In this same vein, the importance and utility of the Delaware Supreme Court's recent decision in Stone v. Ritter, reinforcing the vitality of this court's decision in In re Caremark Int'l Inc. Deriv. Litig. should not be ignored. Some respected scholars seem to fear that Stone opens directors to new kinds of claims foreclosed by Caremark, while others read it as taking away a non-scienter based claim Caremark supposedly seems to suggest. Neither position seems entirely consistent with the decision itself. Stone clarified one of the most difficult questions in corporate law—when directors with no motivation to injure the firm can be held responsible if the corporation incurs serious harm as a result of its failure to obey the law. What Stone makes clear is that Caremark and its progeny, such as Guttman v. Huang, are still good law. For reasons Caremark well-explained, to hold directors liable for a failure in monitoring, the directors have to have acted with a state of mind consistent with a conscious decision to breach their duty of care. Caremark itself encouraged directors to act with reasonable diligence, but plainly held that director liability for failure to monitor required a finding that the directors acted with the state of mind traditionally used to define the mindset of a disloyal director—bad faith—because their indolence was so persistent that it could not be ascribed to anything other than a knowing decision not to even try to make sure the corporation's officers had developed and were implementing a prudent approach to ensuring law compliance. By reinforcing that a scienter-based standard applies to claims in the delicate monitoring context, Stone ensured that the protections that exculpatory charter provisions afford to independent directors against damage claims would not be eroded. Stone has obvious implications for cases like this, when a plaintiff seeks to hold directors accountable for failing to prevent backdating by corporate officers. (pp. 36-44.)

In short, Vice Chancellor Strine believes that all measurement date cases are not alike, and that substantial knowledge of wrongdoing must be credibly and specifically pled to support a demand-excused complaint:

In order to state a viable Caremark claim, and to predicate a substantial likelihood of director liability on it, a plaintiff must plead the existence of facts suggesting that the board knew that internal controls were inadequate, that the inadequacies could leave room for illegal or materially harmful behavior, and that the board chose to do nothing about the control deficiencies that it knew existed. (p. 52.)
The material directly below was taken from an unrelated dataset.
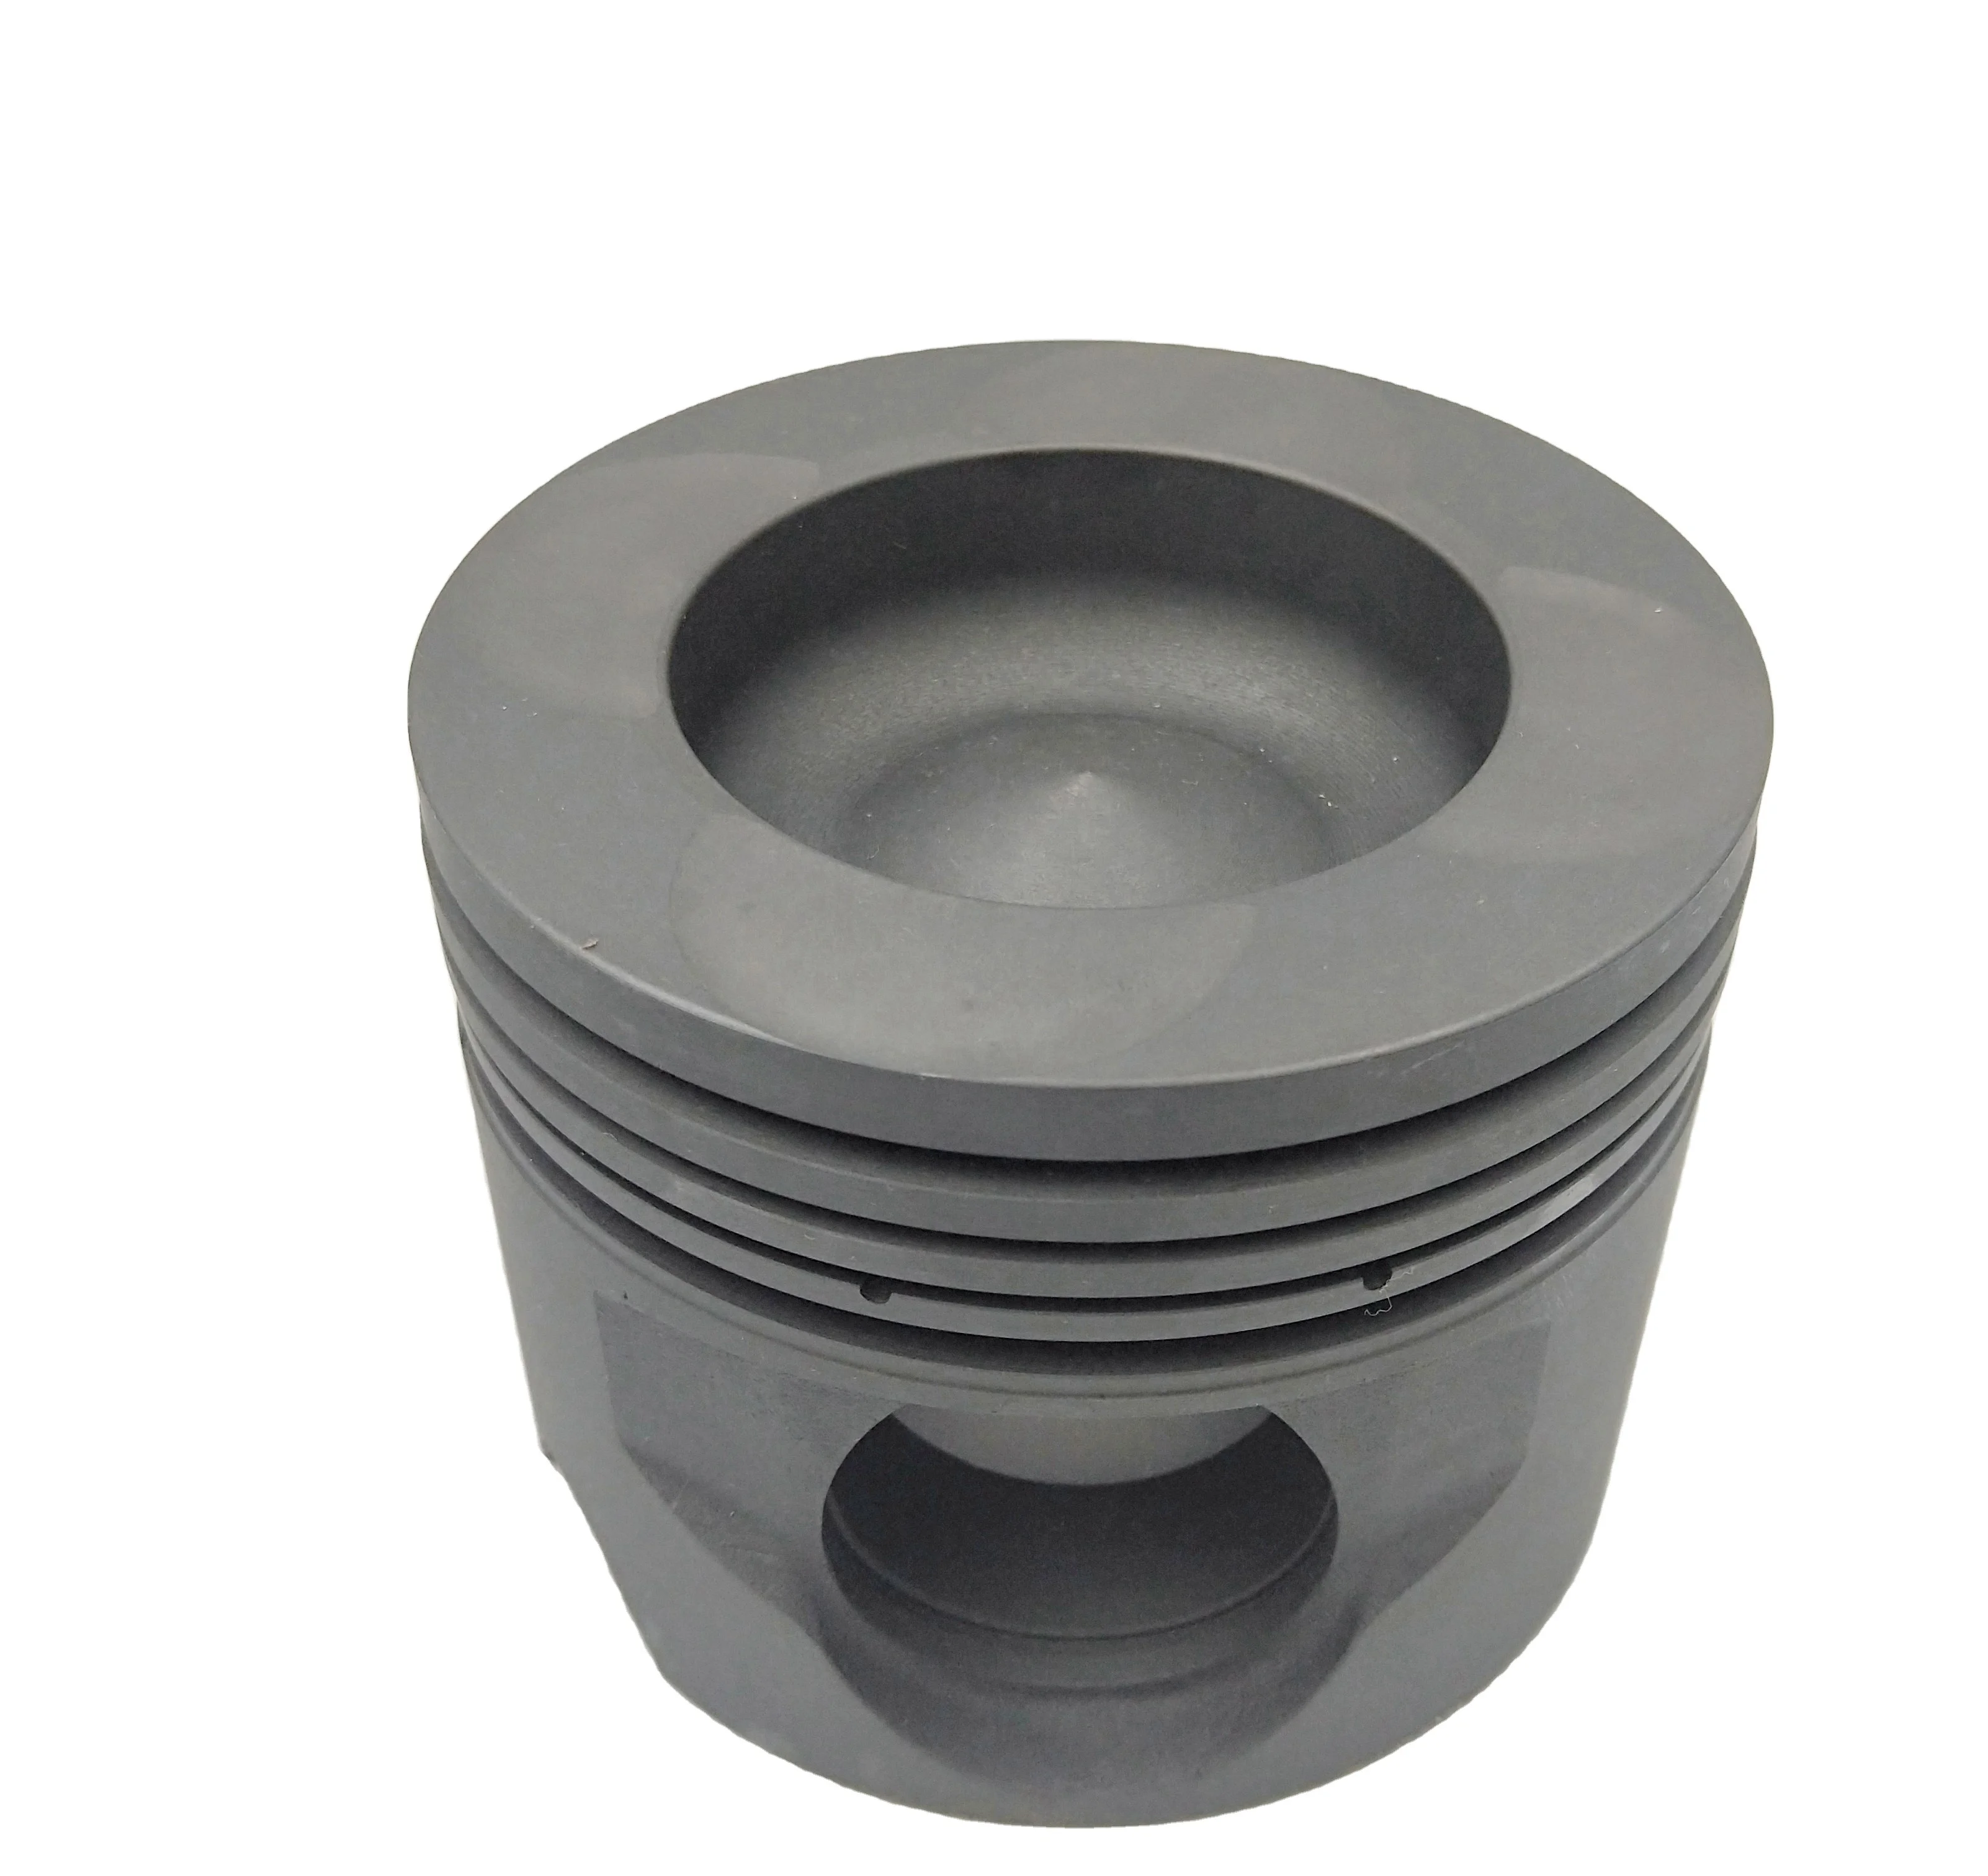 Jcar Piston P11c 13216 0230 Japanese Truck Diesel Engine For Hino - Buy  Spare Parts P11c 2723 0230 For Hino Piston

As such, in order to maintain a valid demand-excused complaint, "a derivative complaint must plead facts specific to each director, demonstrating that at least half of them could not have exercised disinterested business judgment in responding to a demand." (pp. 58-59; emphasis in original.)

While Desimone isn't a panacea for all measure date cases, it's crystal clear that Vice Chancellor Strine was trying to send a strong message. We think he succeeded.